PROMPT
Go through the listing below and write out exactly the lines from the one that mentions "Magicolor Coloring Pad - Princess" through the one that mentions "Notebook Acer A315", minus the pictures.

SUPPLIED RECORDS
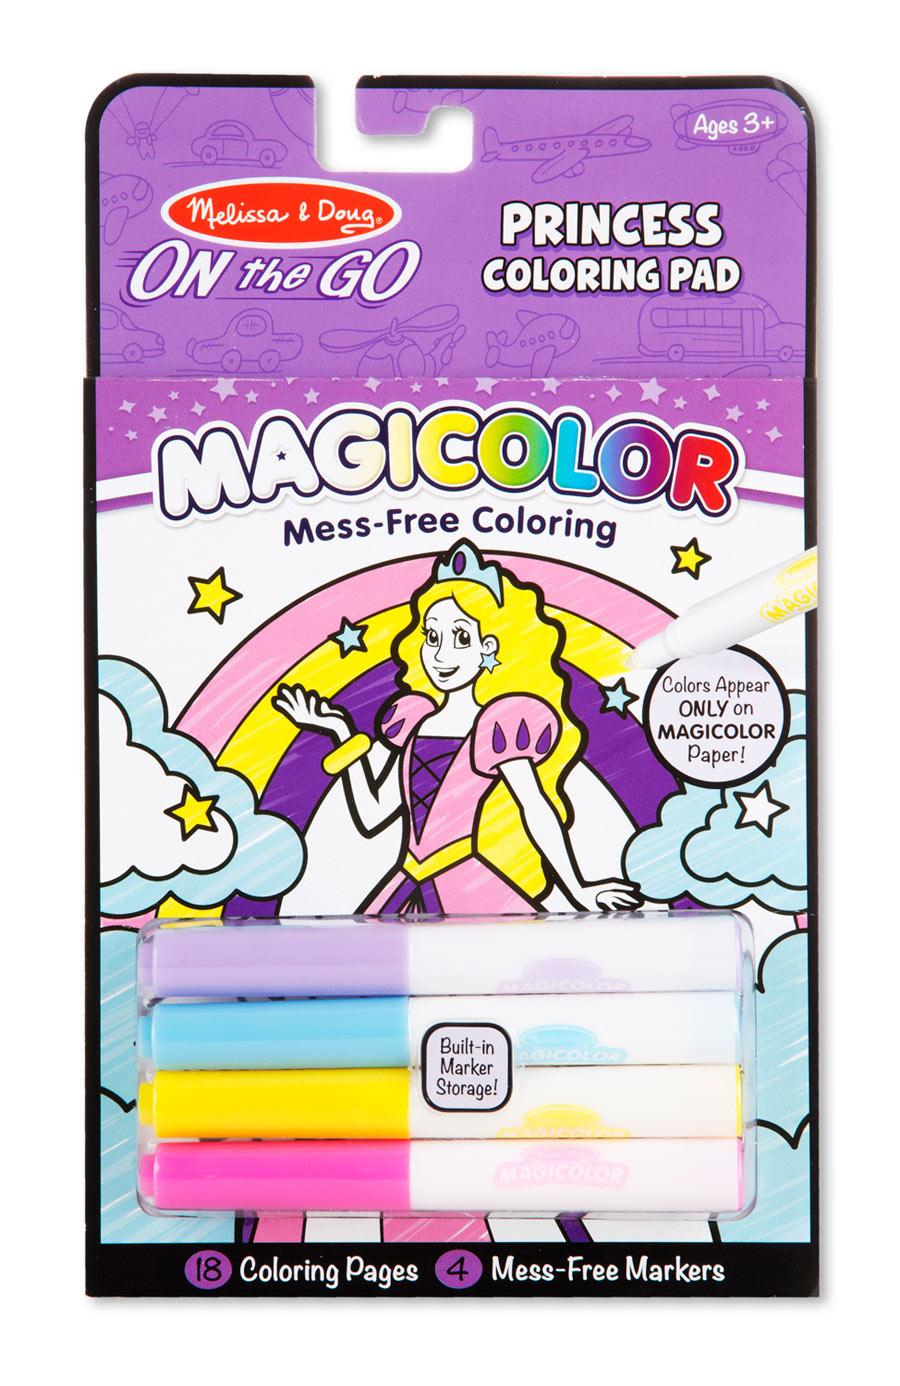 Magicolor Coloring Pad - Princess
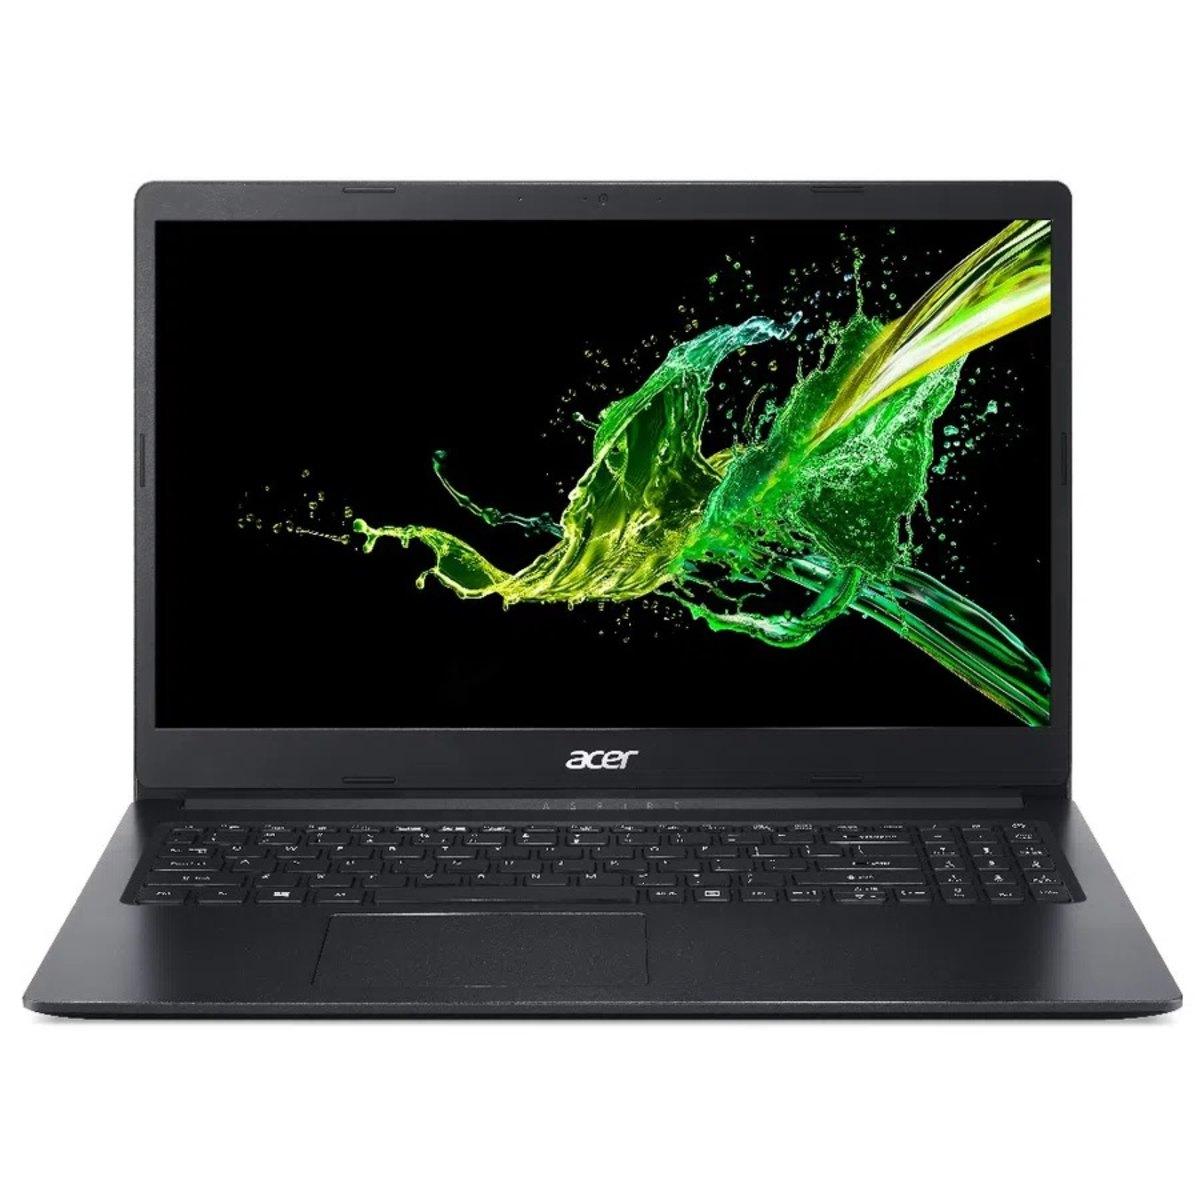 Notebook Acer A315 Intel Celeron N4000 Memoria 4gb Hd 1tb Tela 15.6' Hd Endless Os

==

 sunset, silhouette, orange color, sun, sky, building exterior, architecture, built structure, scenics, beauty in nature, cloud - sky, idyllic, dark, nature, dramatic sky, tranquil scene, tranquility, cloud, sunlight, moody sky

OUTPUT
 Magicolor Coloring Pad - Princess
 Notebook Acer A315 Intel Celeron N4000 Memoria 4gb Hd 1tb Tela 15.6' Hd Endless Os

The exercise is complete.